▶ [Information]
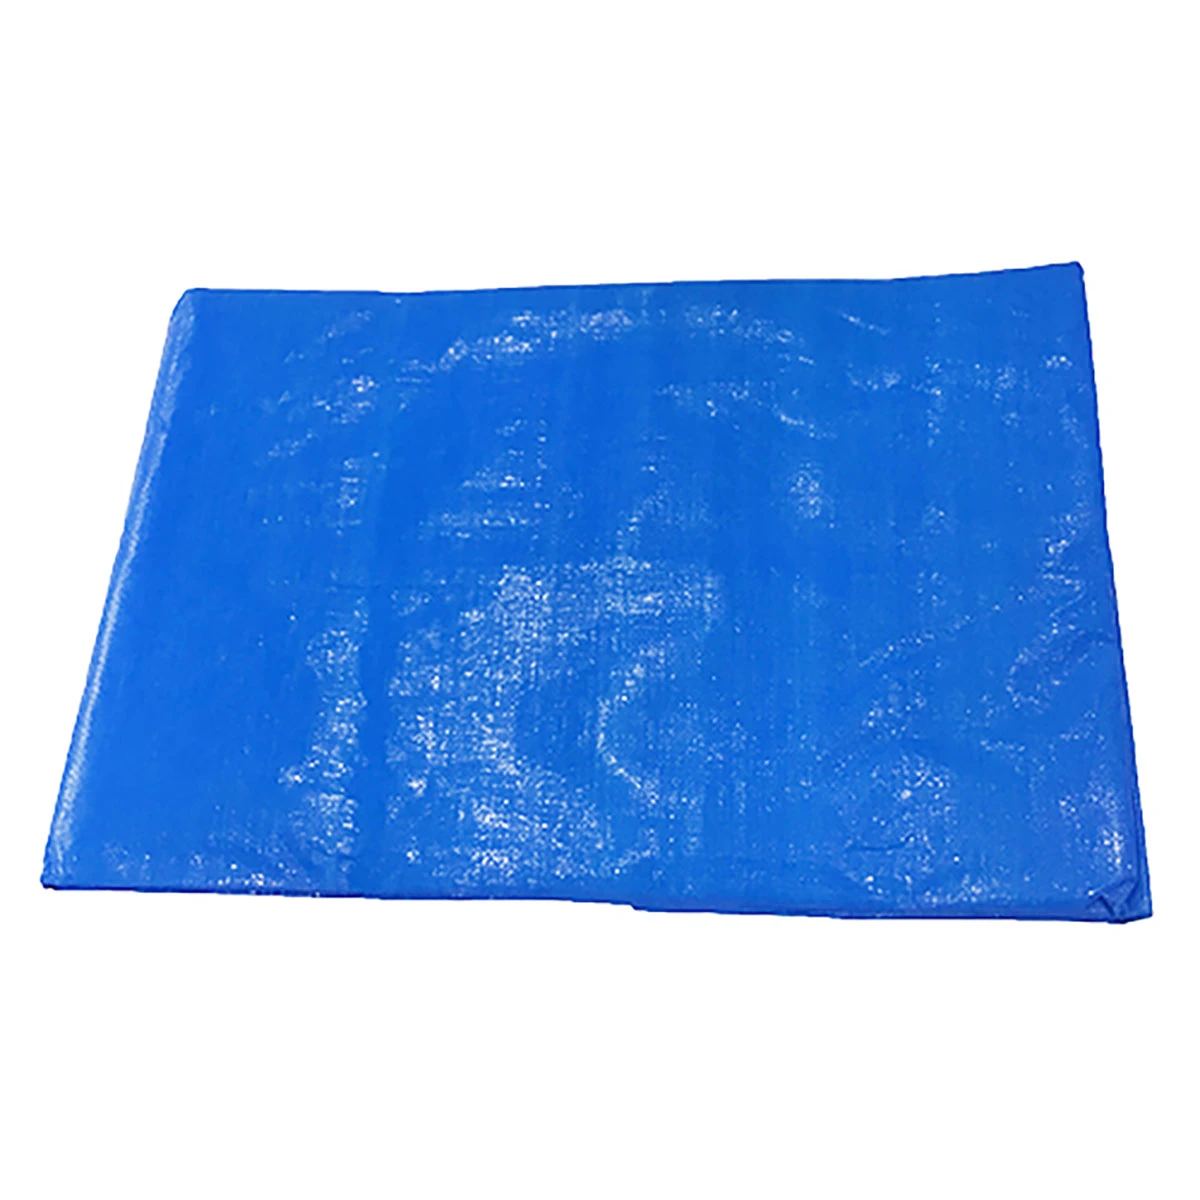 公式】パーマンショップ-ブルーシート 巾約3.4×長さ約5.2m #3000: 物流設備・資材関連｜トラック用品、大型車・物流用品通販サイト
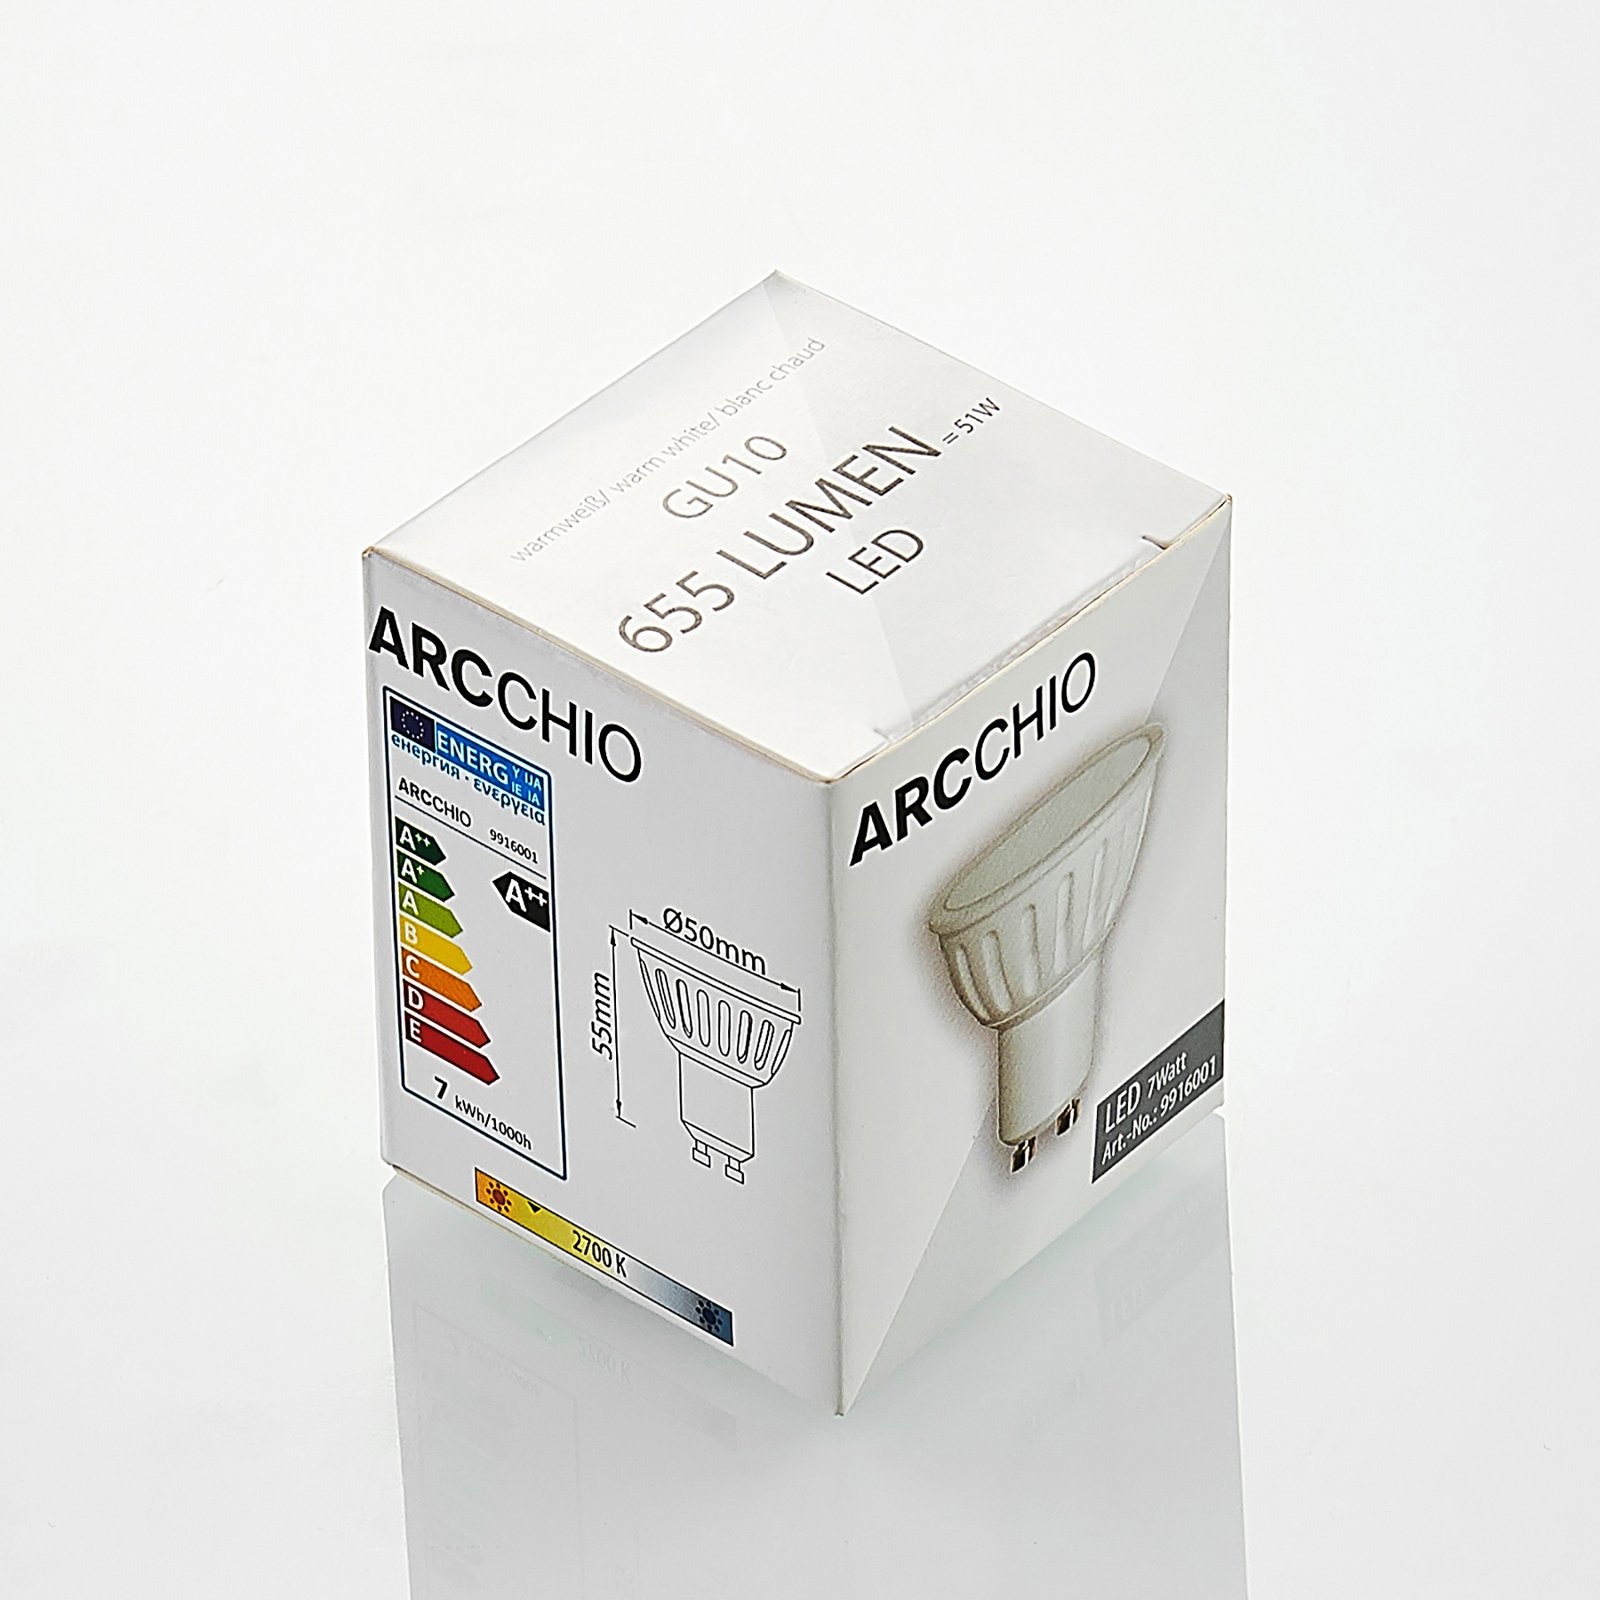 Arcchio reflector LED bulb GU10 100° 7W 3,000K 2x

* * *

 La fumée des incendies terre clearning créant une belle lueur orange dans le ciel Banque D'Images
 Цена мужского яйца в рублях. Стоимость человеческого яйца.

--

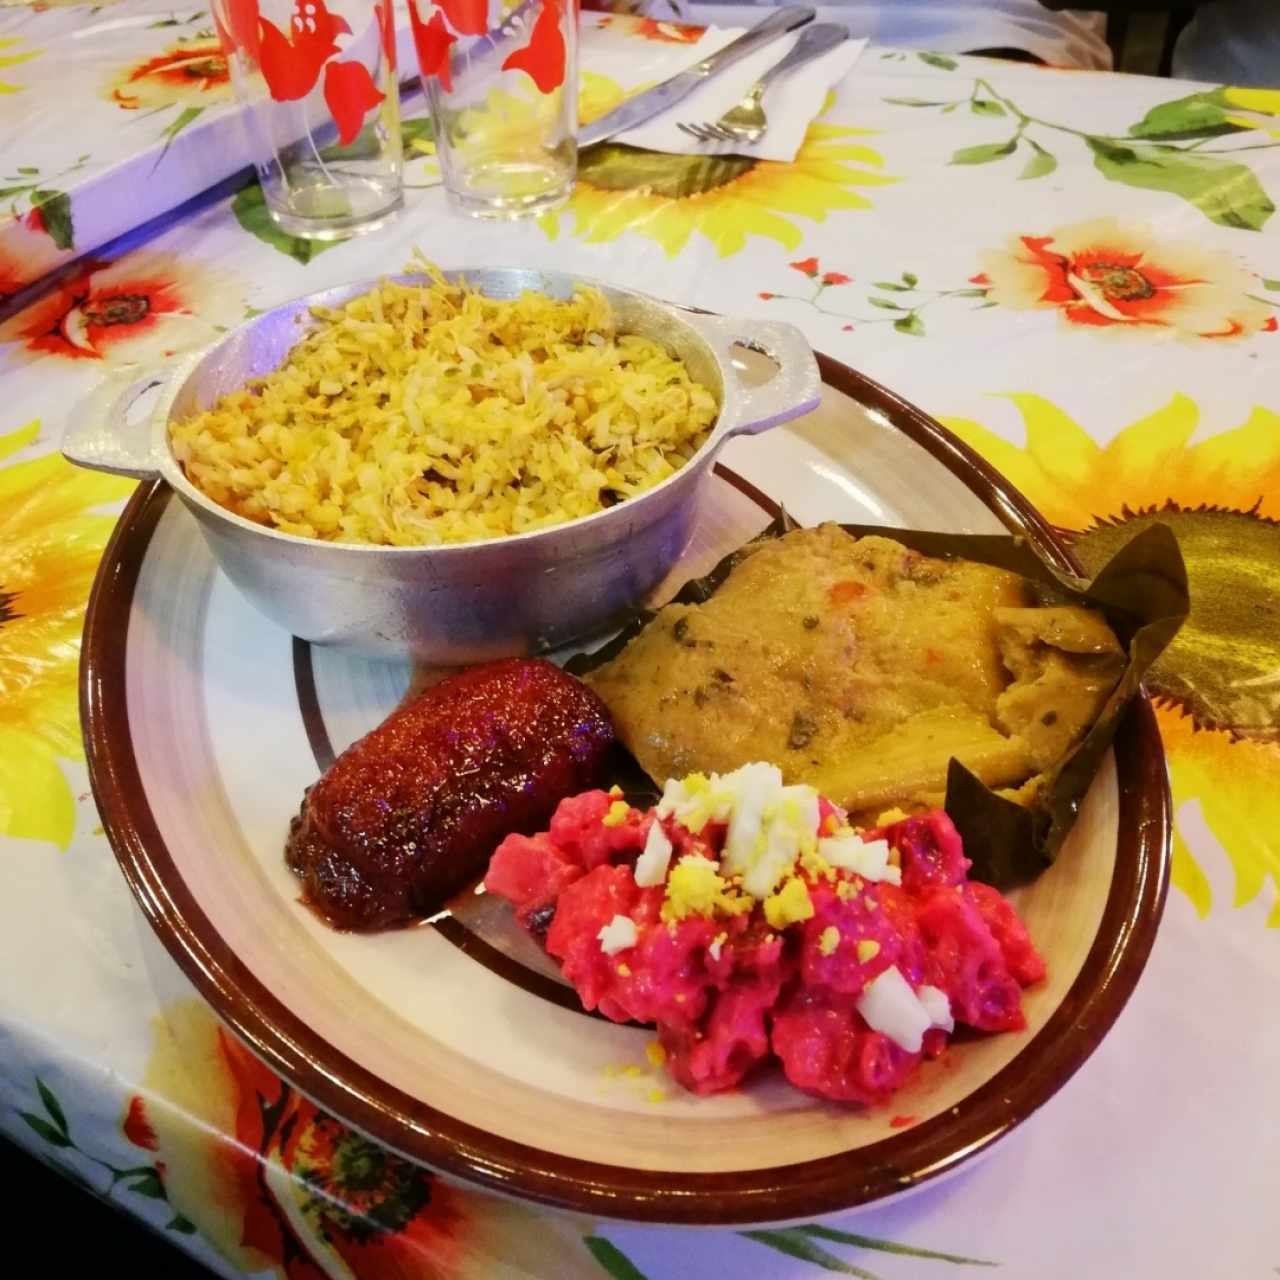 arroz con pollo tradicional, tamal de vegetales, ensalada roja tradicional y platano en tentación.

▶ [Instructions for the task]
Output exactly the lines above that lie between the line with "巾約3.4×長さ約5.2m #3000: 物流設備・資材関連｜トラック用品、大型車・物流用品通販サイト" and the line with "Arcchio reflector LED", those two lines included, and no pictures.

▶ [Answer section]
 公式】パーマンショップ-ブルーシート 巾約3.4×長さ約5.2m #3000: 物流設備・資材関連｜トラック用品、大型車・物流用品通販サイト
 Arcchio reflector LED bulb GU10 100° 7W 3,000K 2x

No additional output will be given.